* **About this exercise**
Taking the line with "Portable Folding Lap" as the first and the last line of the listing as the final one, please copy exactly those lines and no others, without pictures.

* **Available data**
——

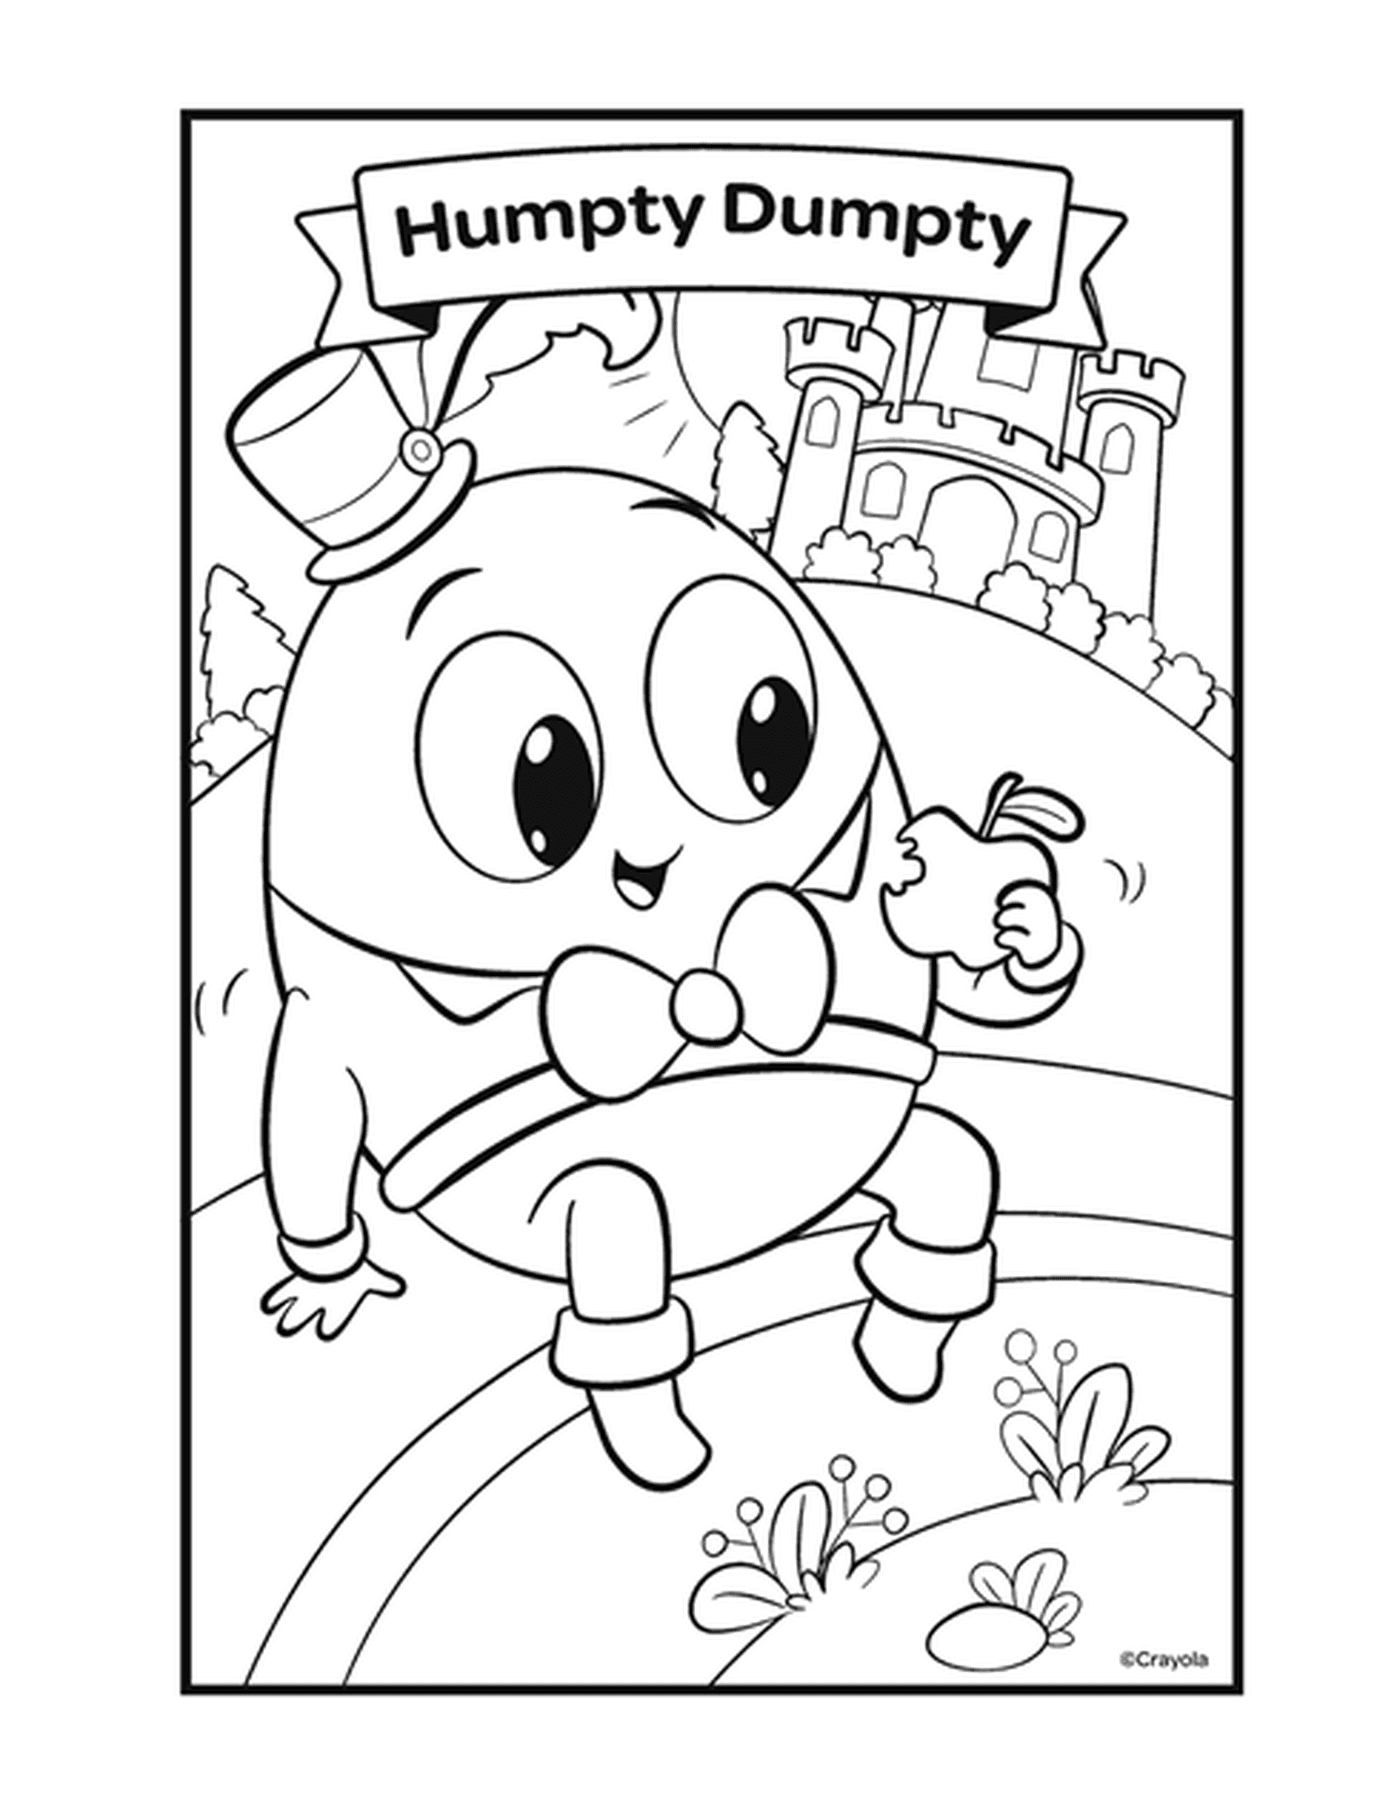  Die Figur Humpty Dumpty mit eiförmigem Charakter 
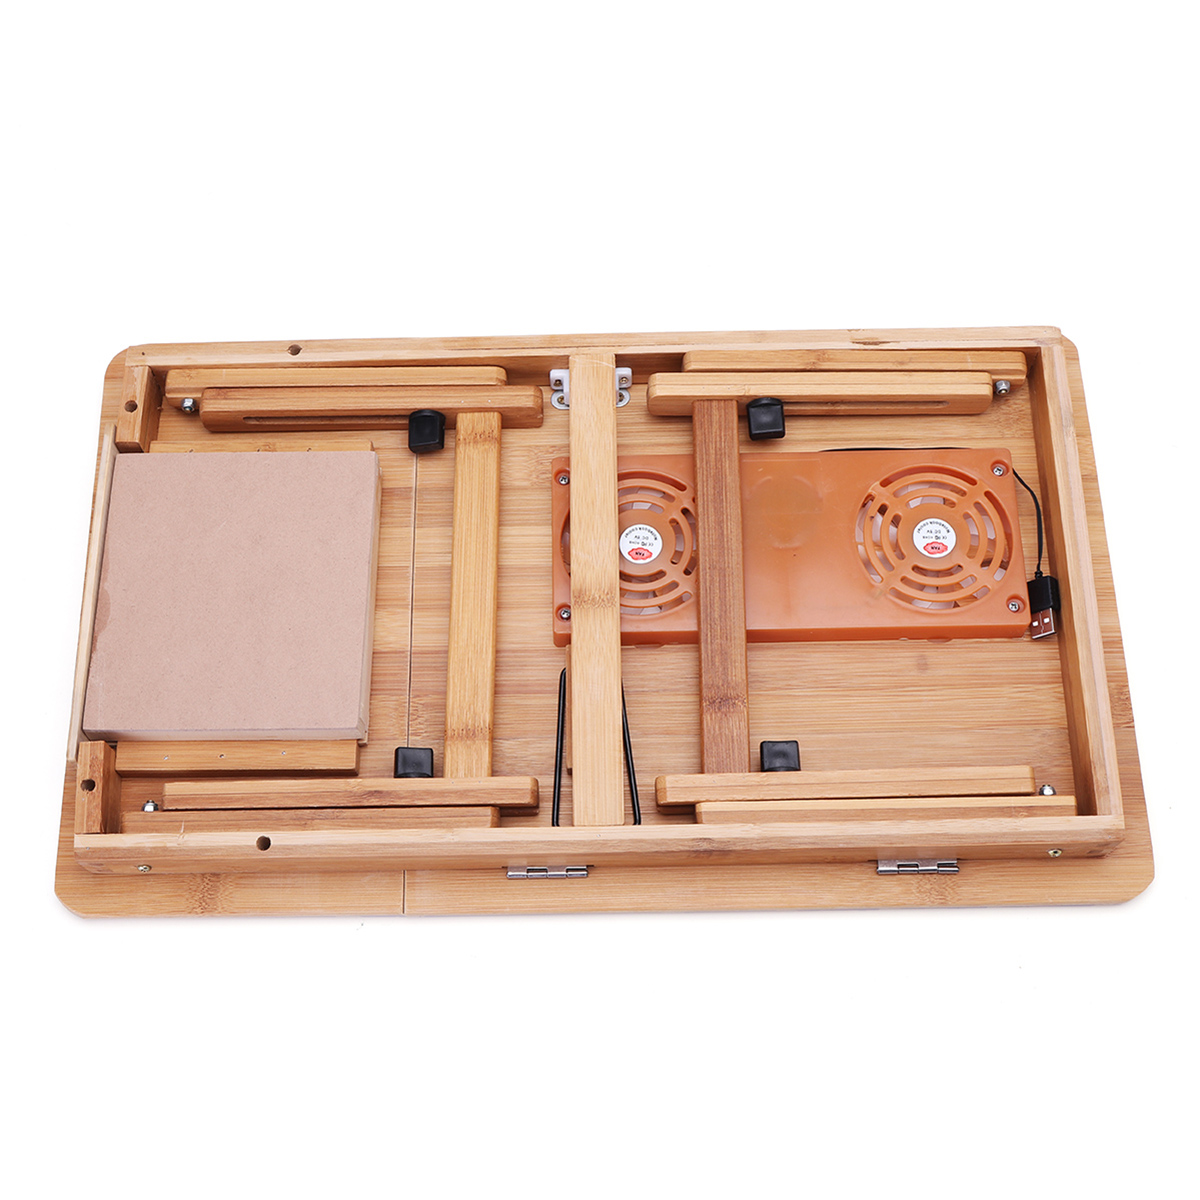 Portable Folding Lap Desk Bamboo Laptop Breakfast Tray Bed Table Stand Fan 8
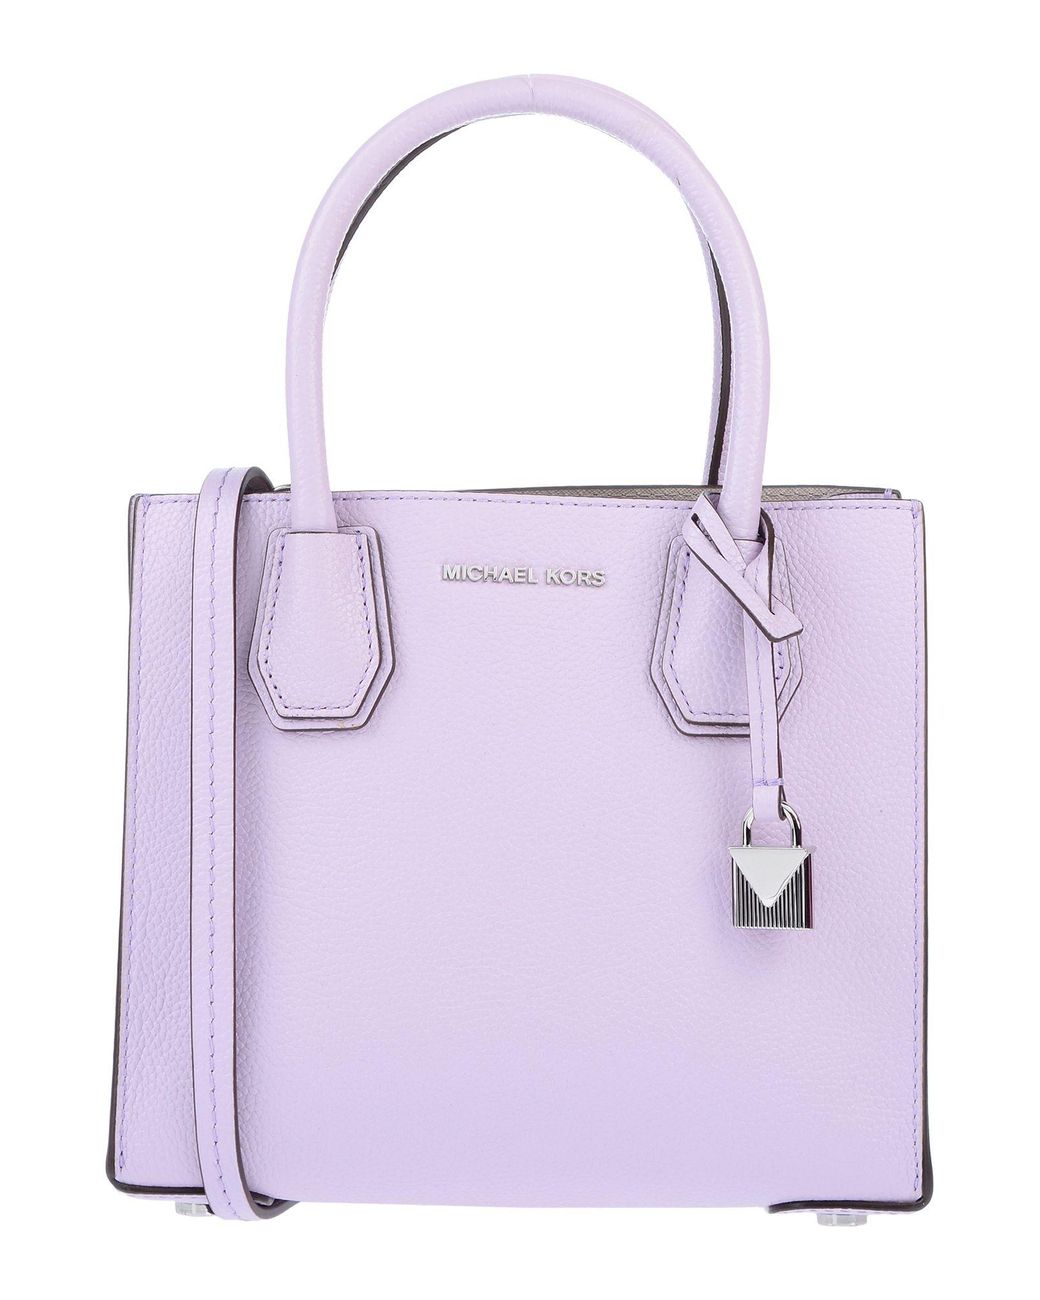 Top 62+ imagen michael kors lilac purse
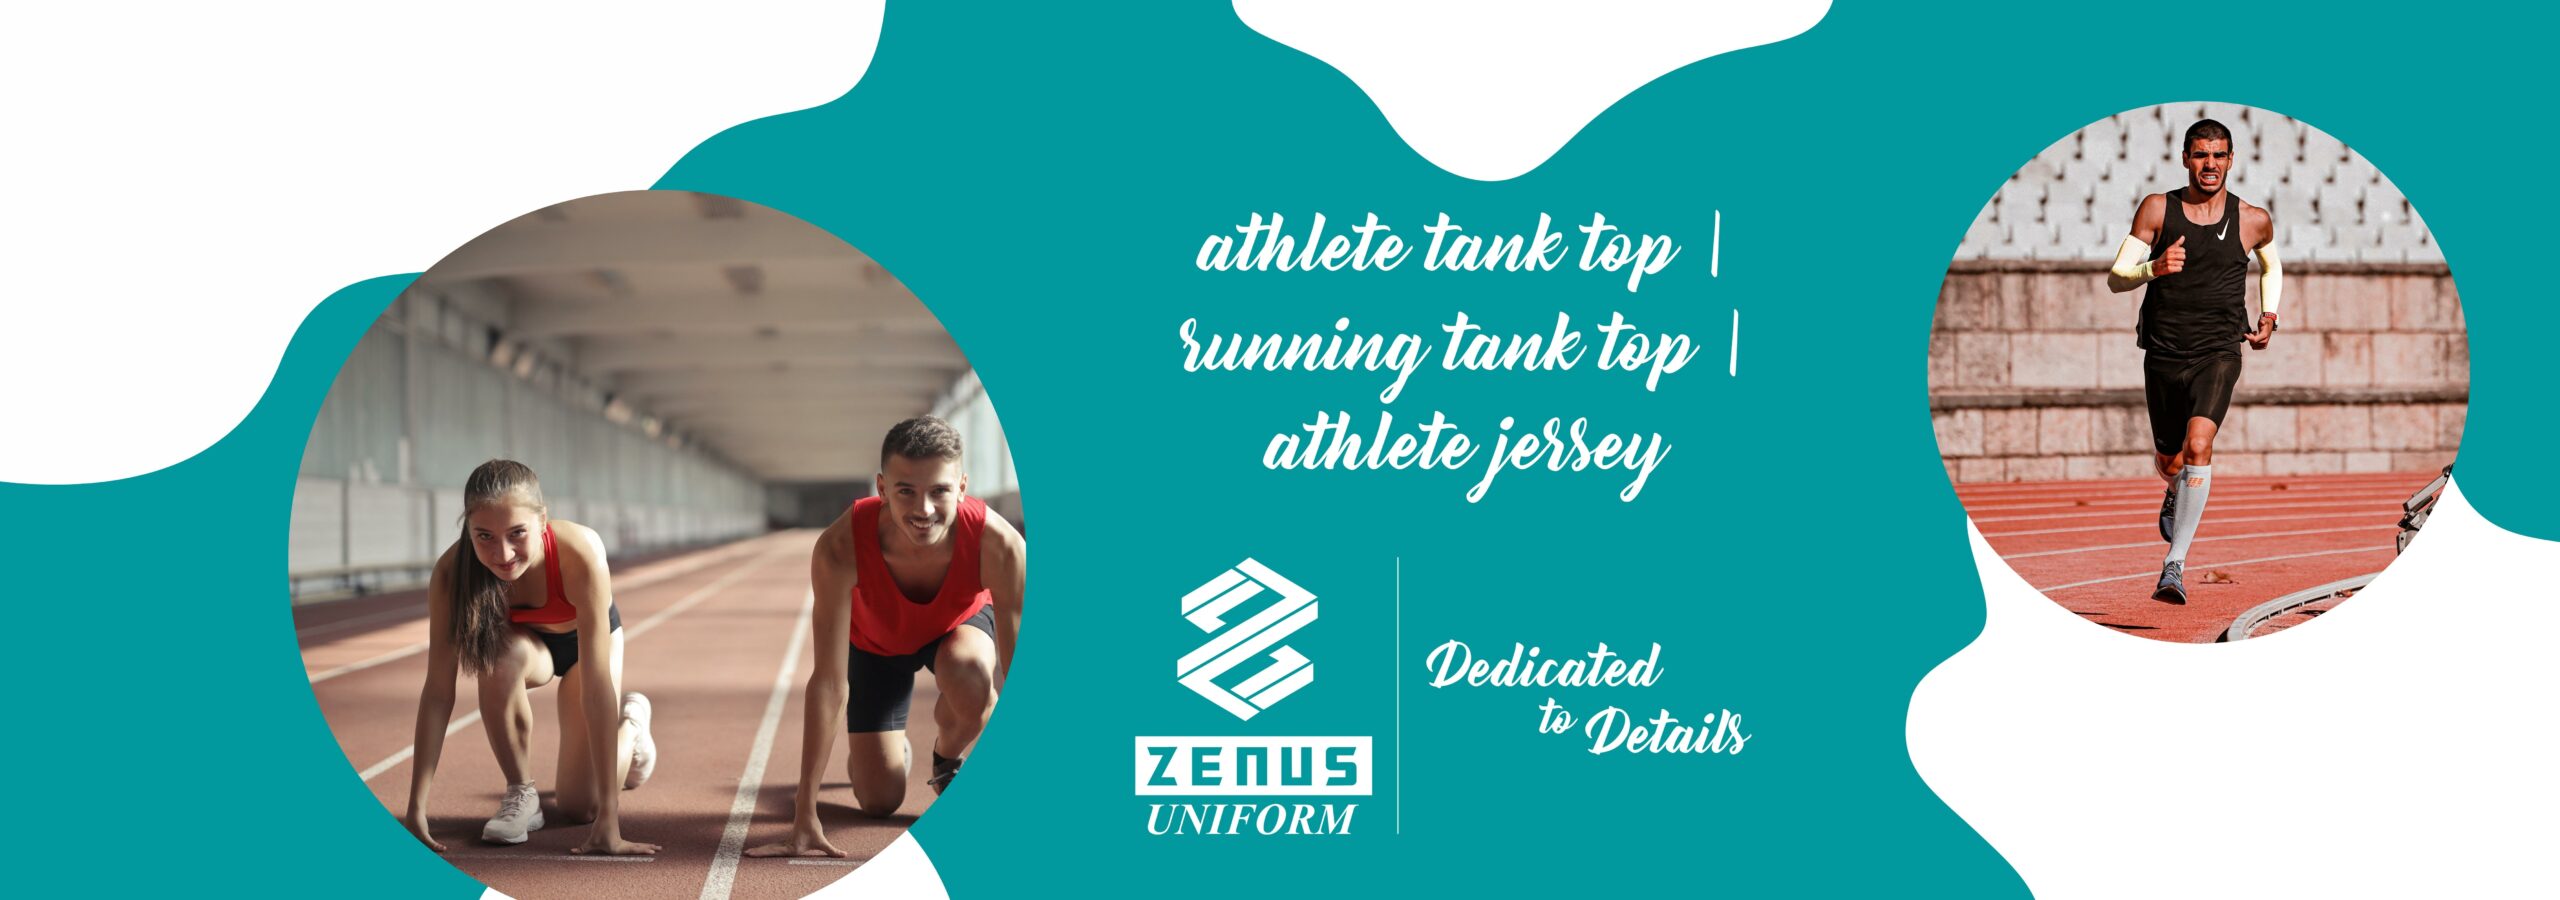 athlete tank top，running tank top，athlete jersey banner

——

* **Written response**
 Portable Folding Lap Desk Bamboo Laptop Breakfast Tray Bed Table Stand Fan 8
 Top 62+ imagen michael kors lilac purse
 athlete tank top，running tank top，athlete jersey banner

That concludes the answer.